Exercise | Reproduce only this range: the line holding "Assassinat de Kiné" through the last line of the data below, both included, exactly, with no pictures.

Raw data |
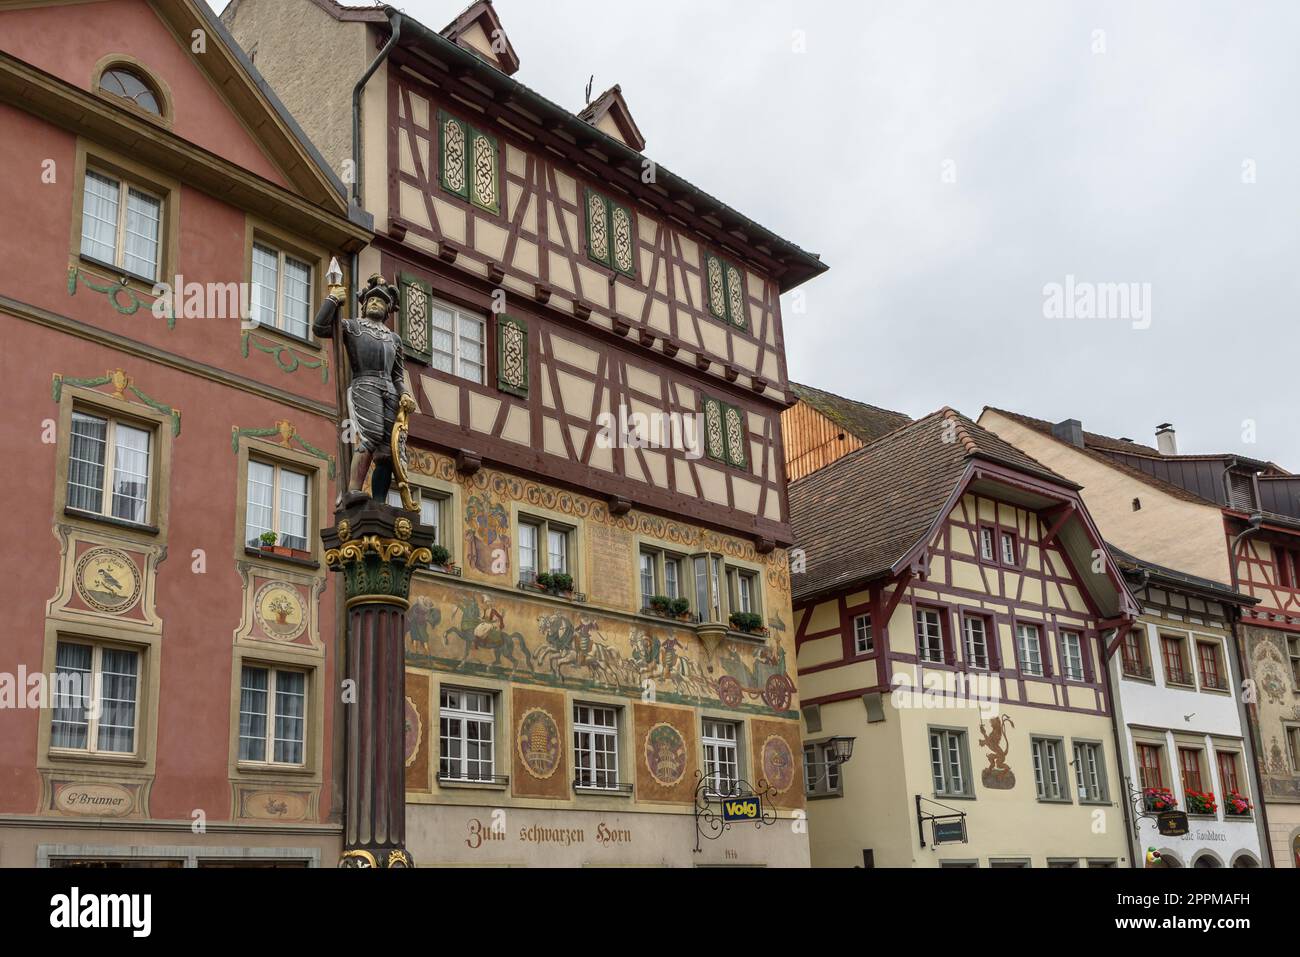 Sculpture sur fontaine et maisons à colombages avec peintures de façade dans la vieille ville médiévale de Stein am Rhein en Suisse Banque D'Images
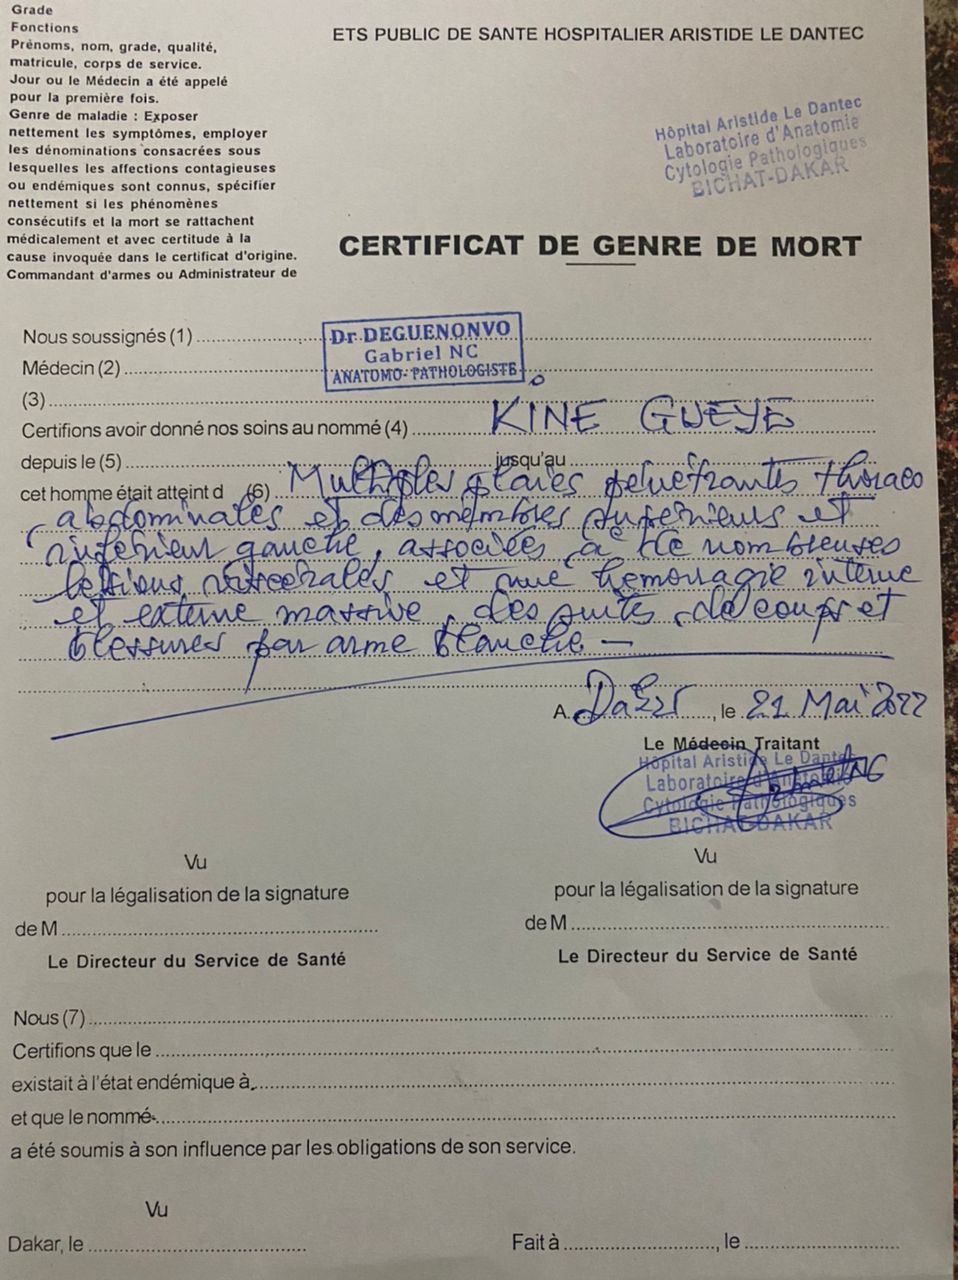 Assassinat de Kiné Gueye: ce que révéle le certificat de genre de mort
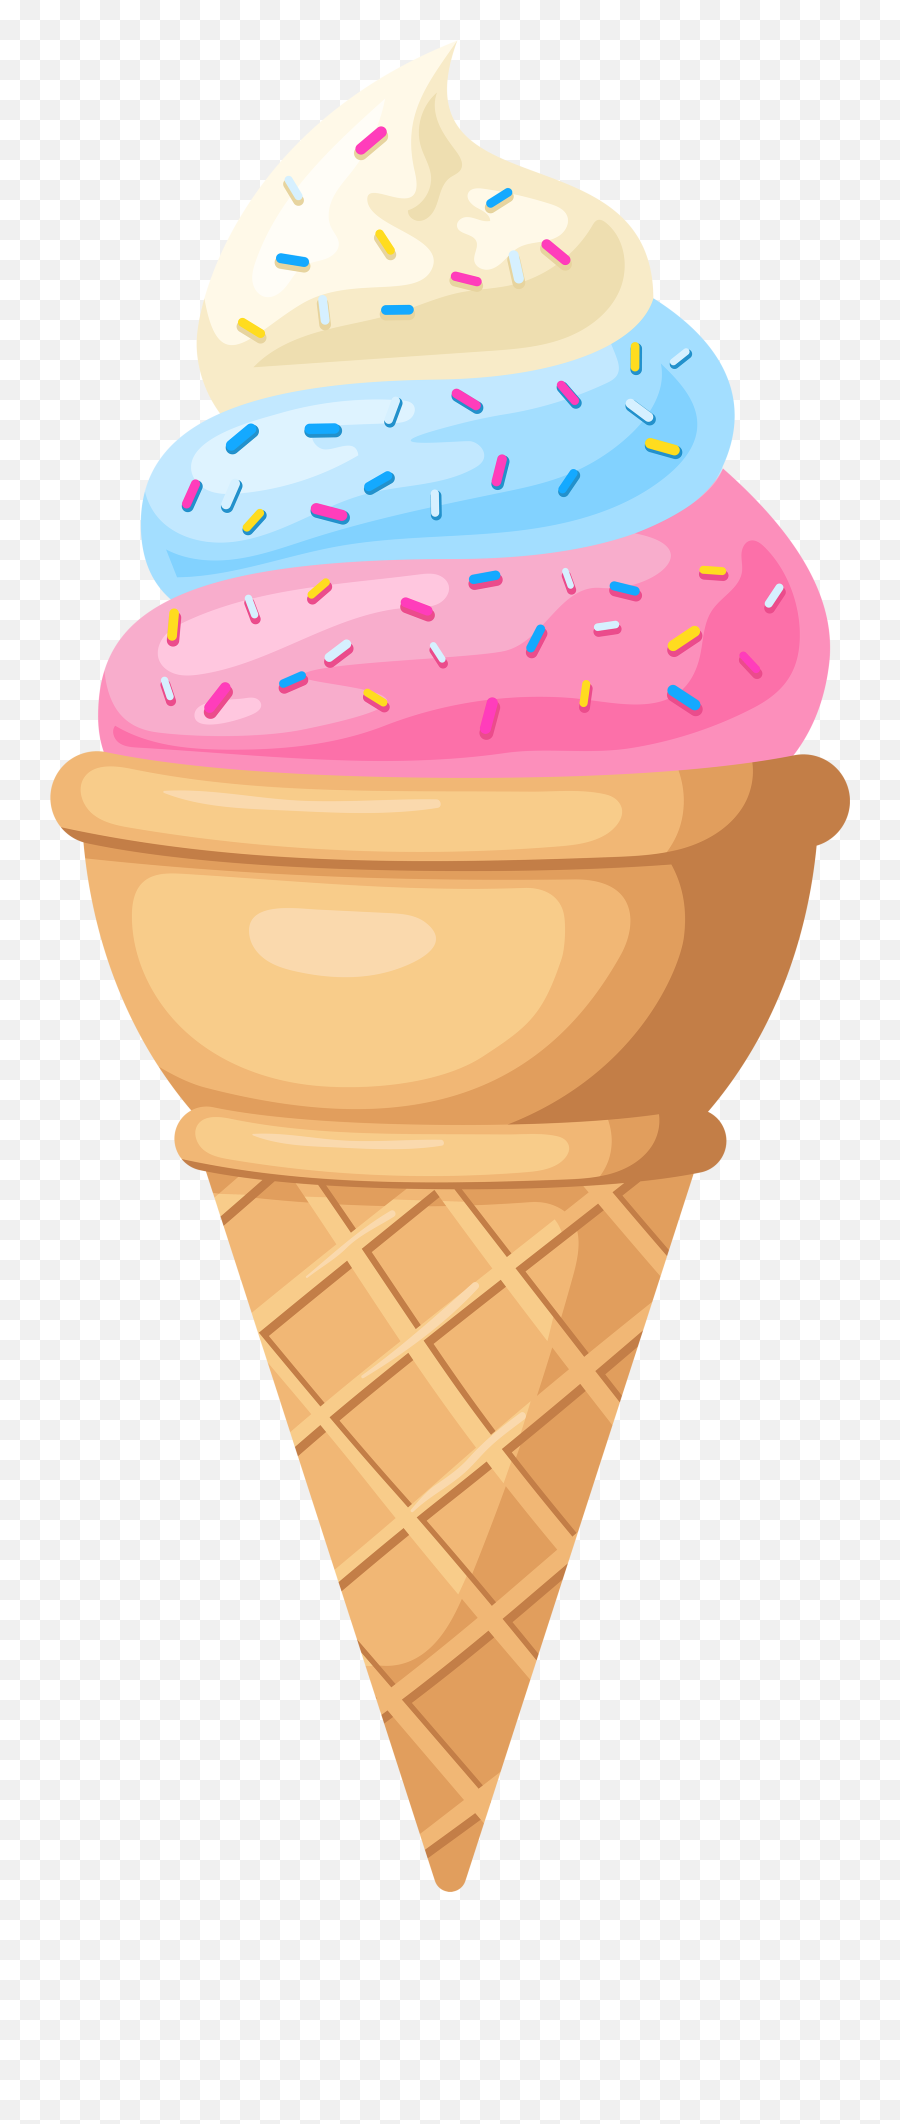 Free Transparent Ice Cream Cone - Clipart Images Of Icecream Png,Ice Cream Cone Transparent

The answer |
 Assassinat de Kiné Gueye: ce que révéle le certificat de genre de mort
 Free Transparent Ice Cream Cone - Clipart Images Of Icecream Png,Ice Cream Cone Transparent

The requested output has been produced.